[Data provided Boundary: Start]
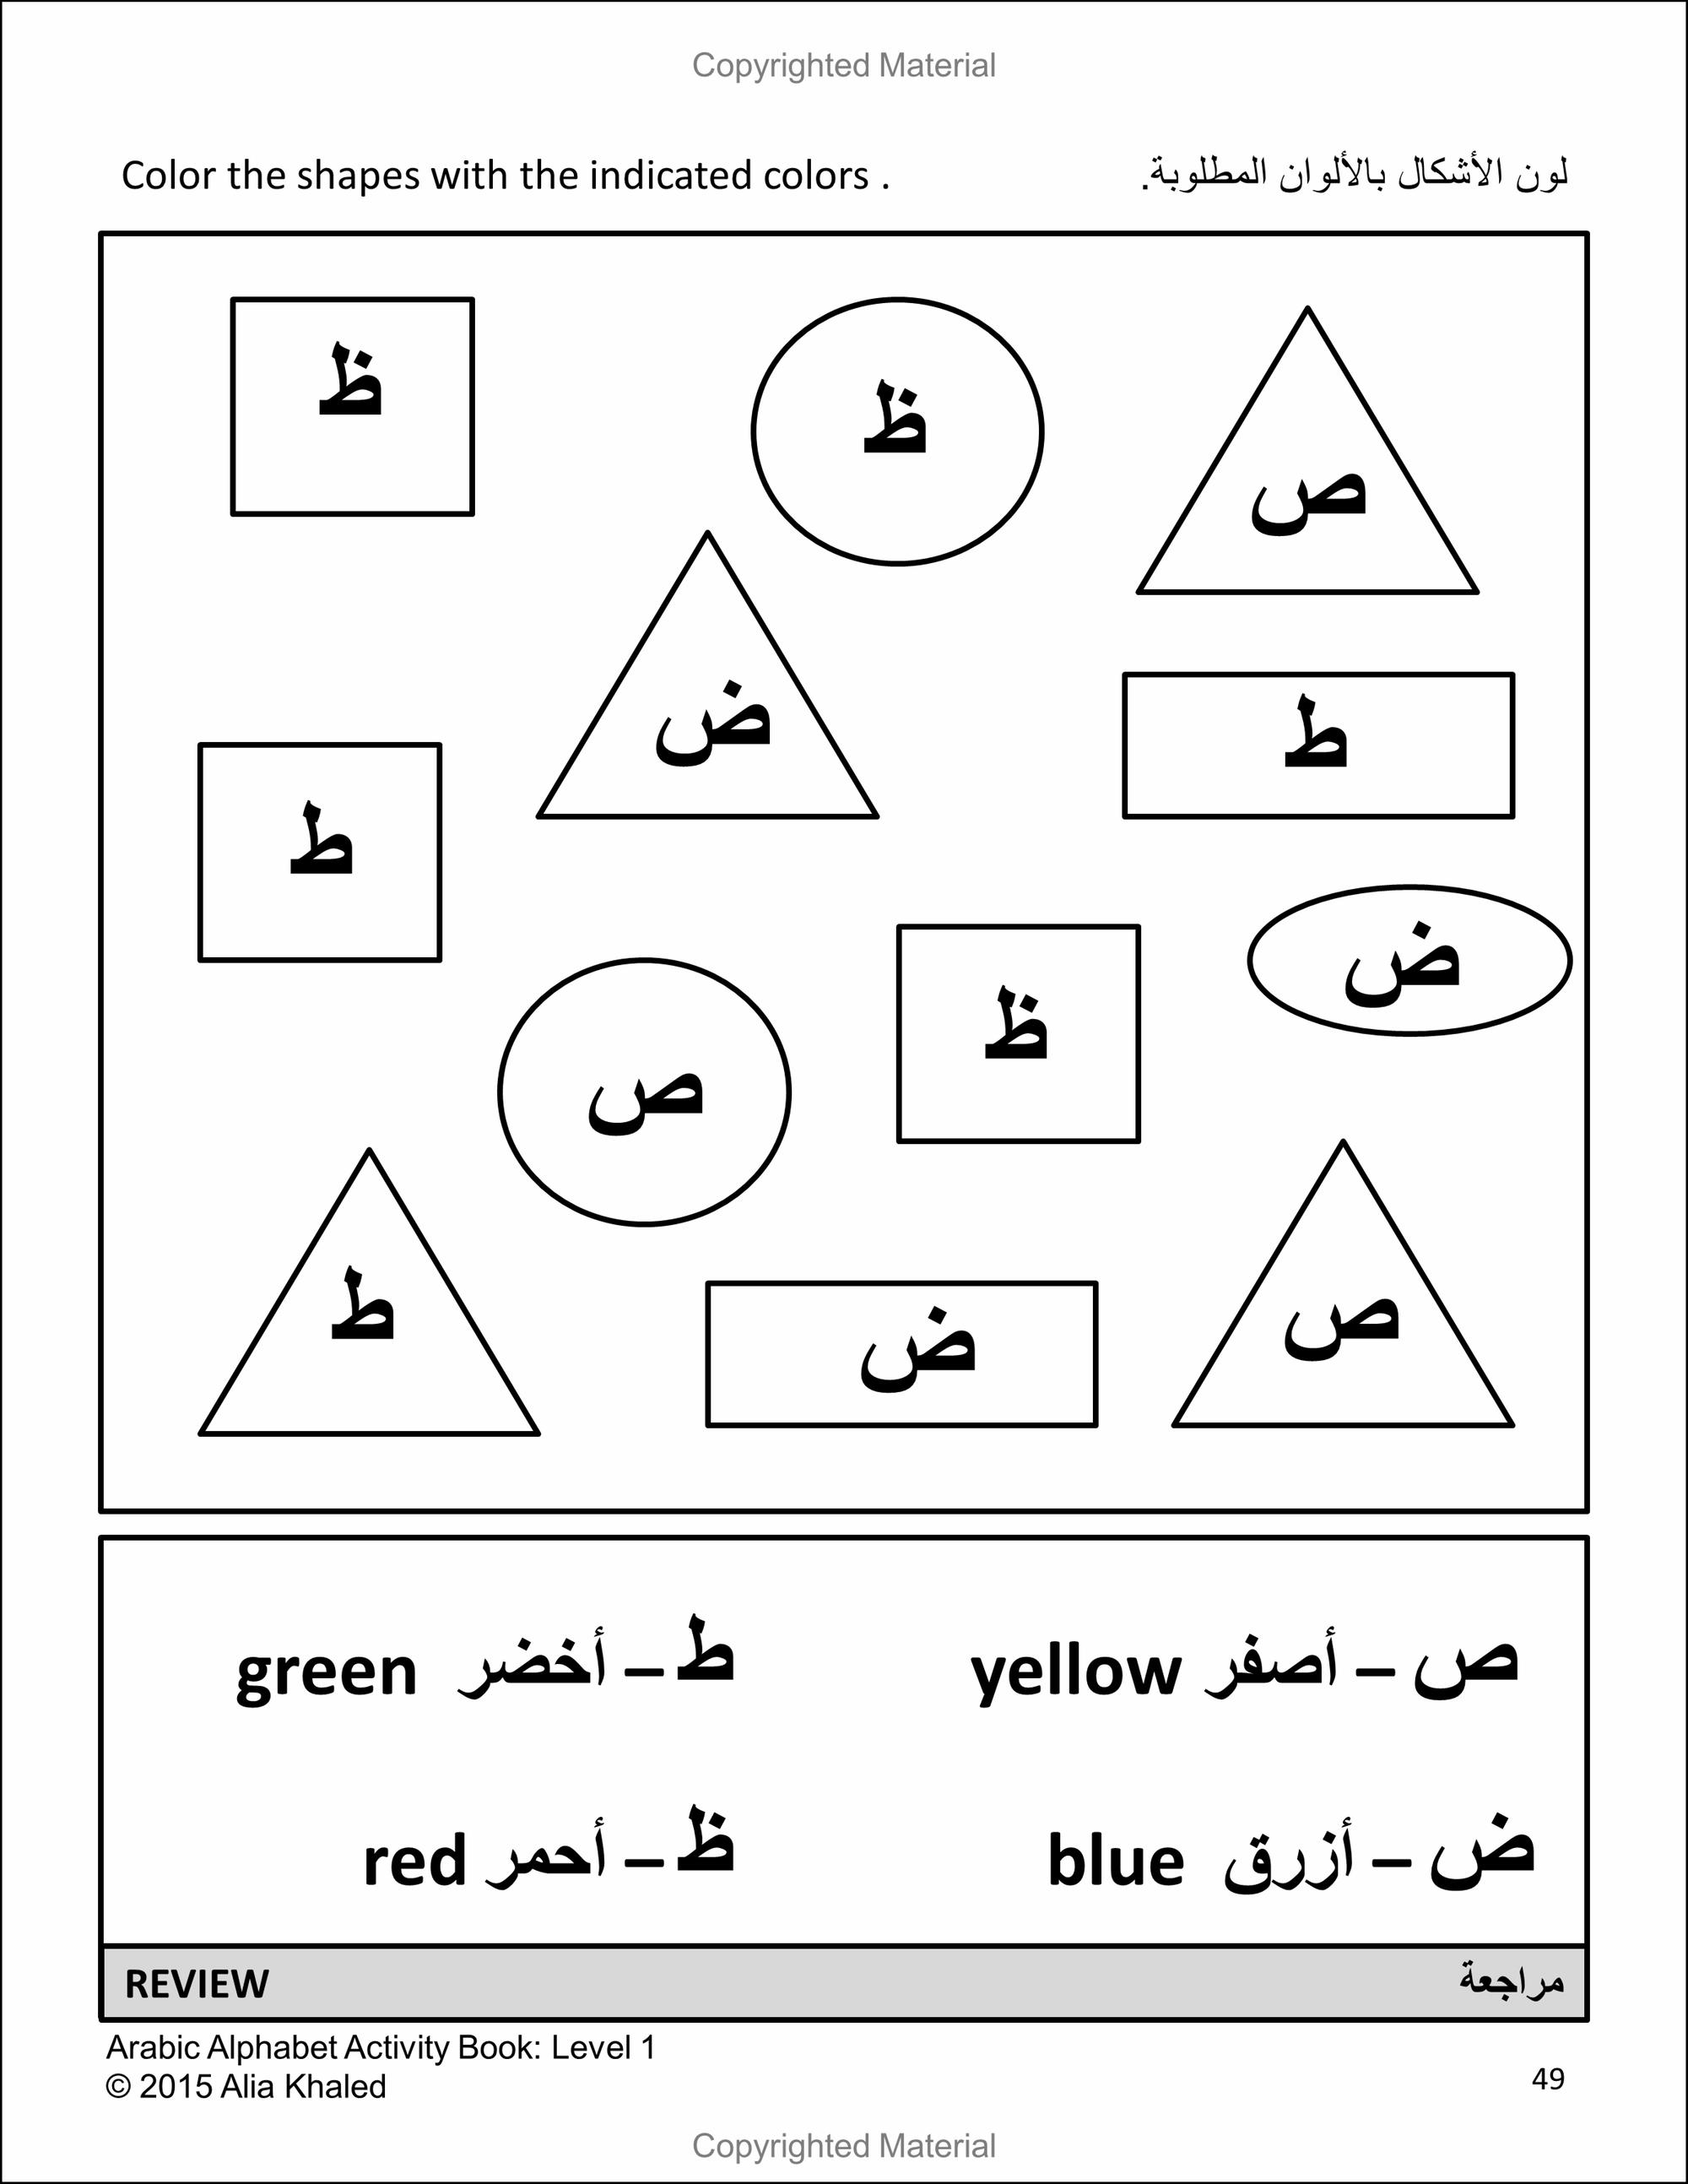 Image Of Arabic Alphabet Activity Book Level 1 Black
[Data provided Boundary: End]
[Data provided Boundary: Start]
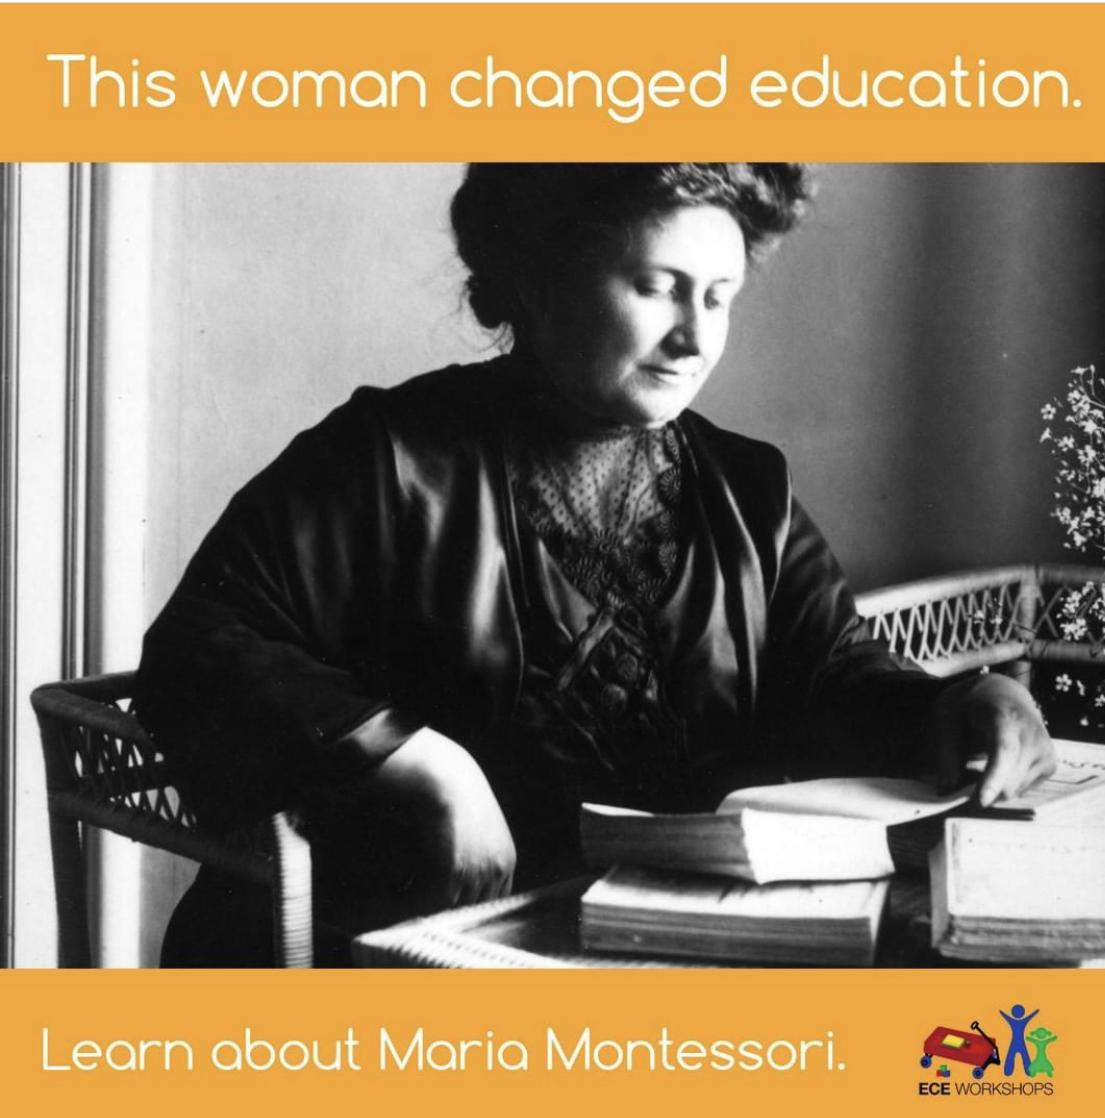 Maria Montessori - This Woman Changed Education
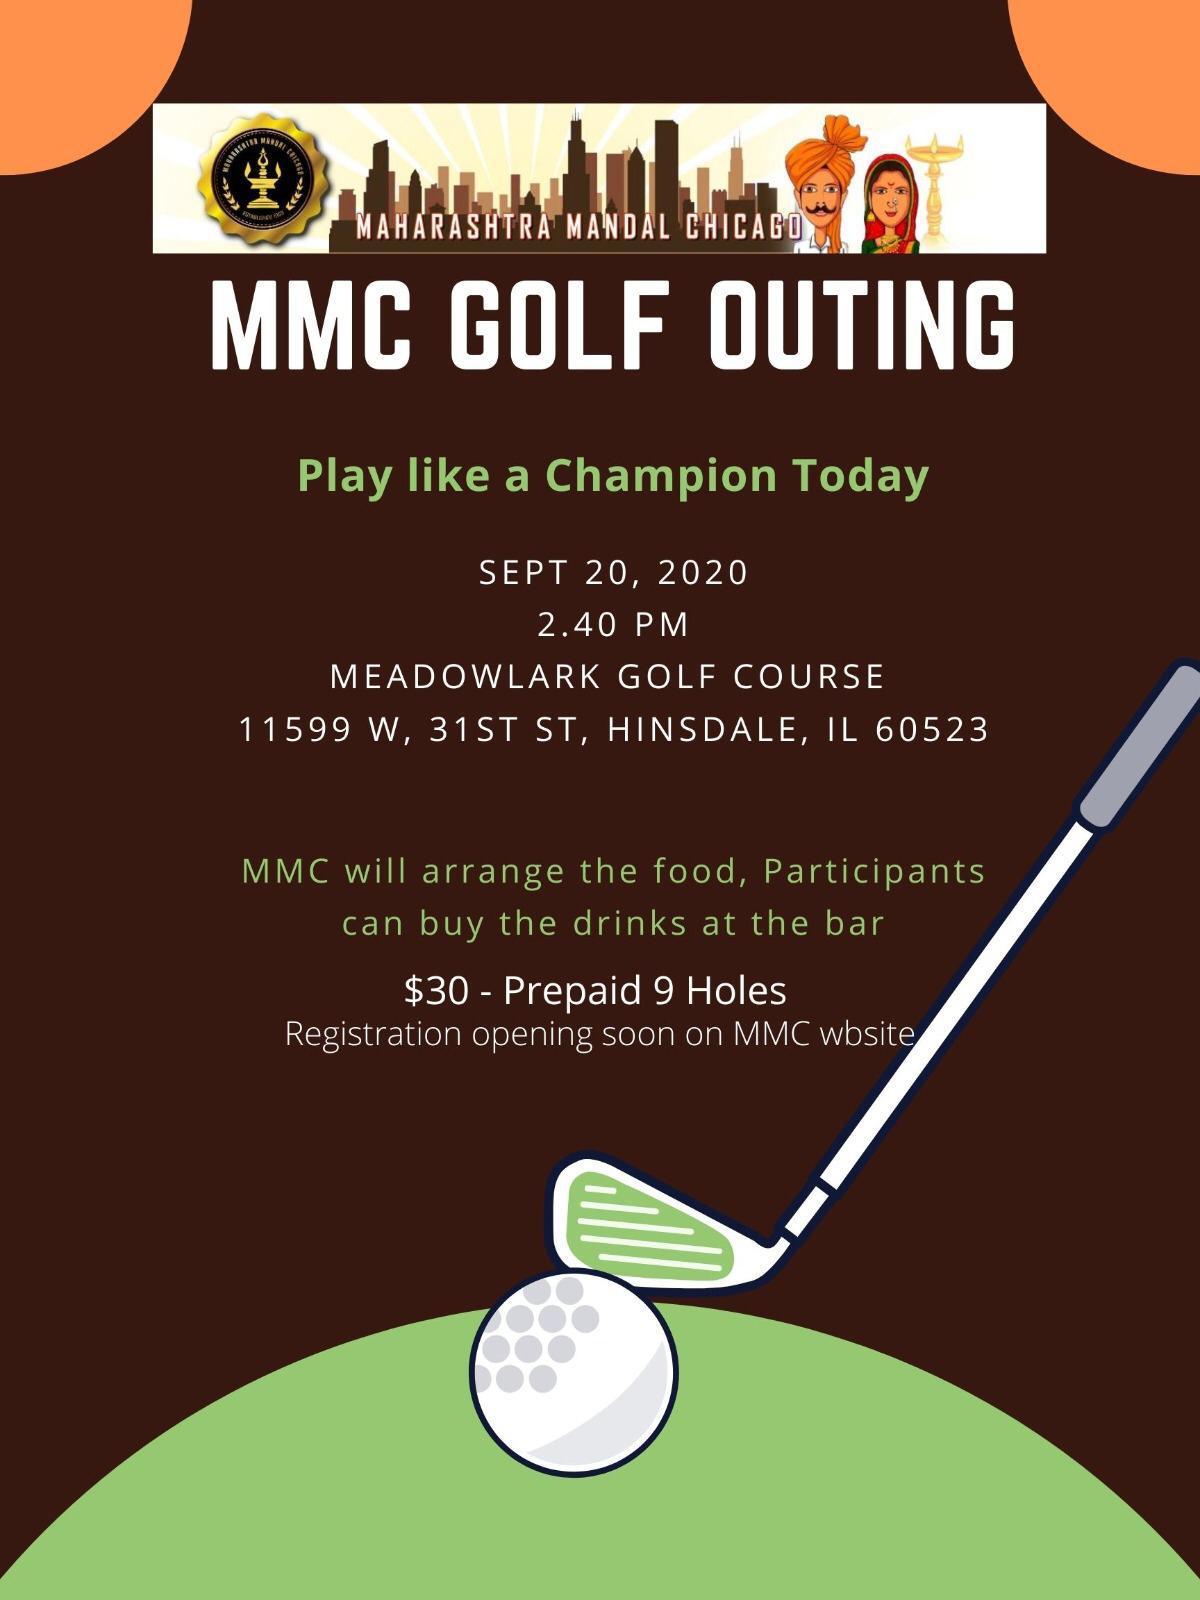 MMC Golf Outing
[Data provided Boundary: End]
**What the task asks**: Only one stretch of the listing is wanted: the lines starting at the one with "Maria Montessori - This" and ending at the one with "MMC Golf Outing", copied exactly and free of pictures.

**Written solution**:
 Maria Montessori - This Woman Changed Education
 MMC Golf Outing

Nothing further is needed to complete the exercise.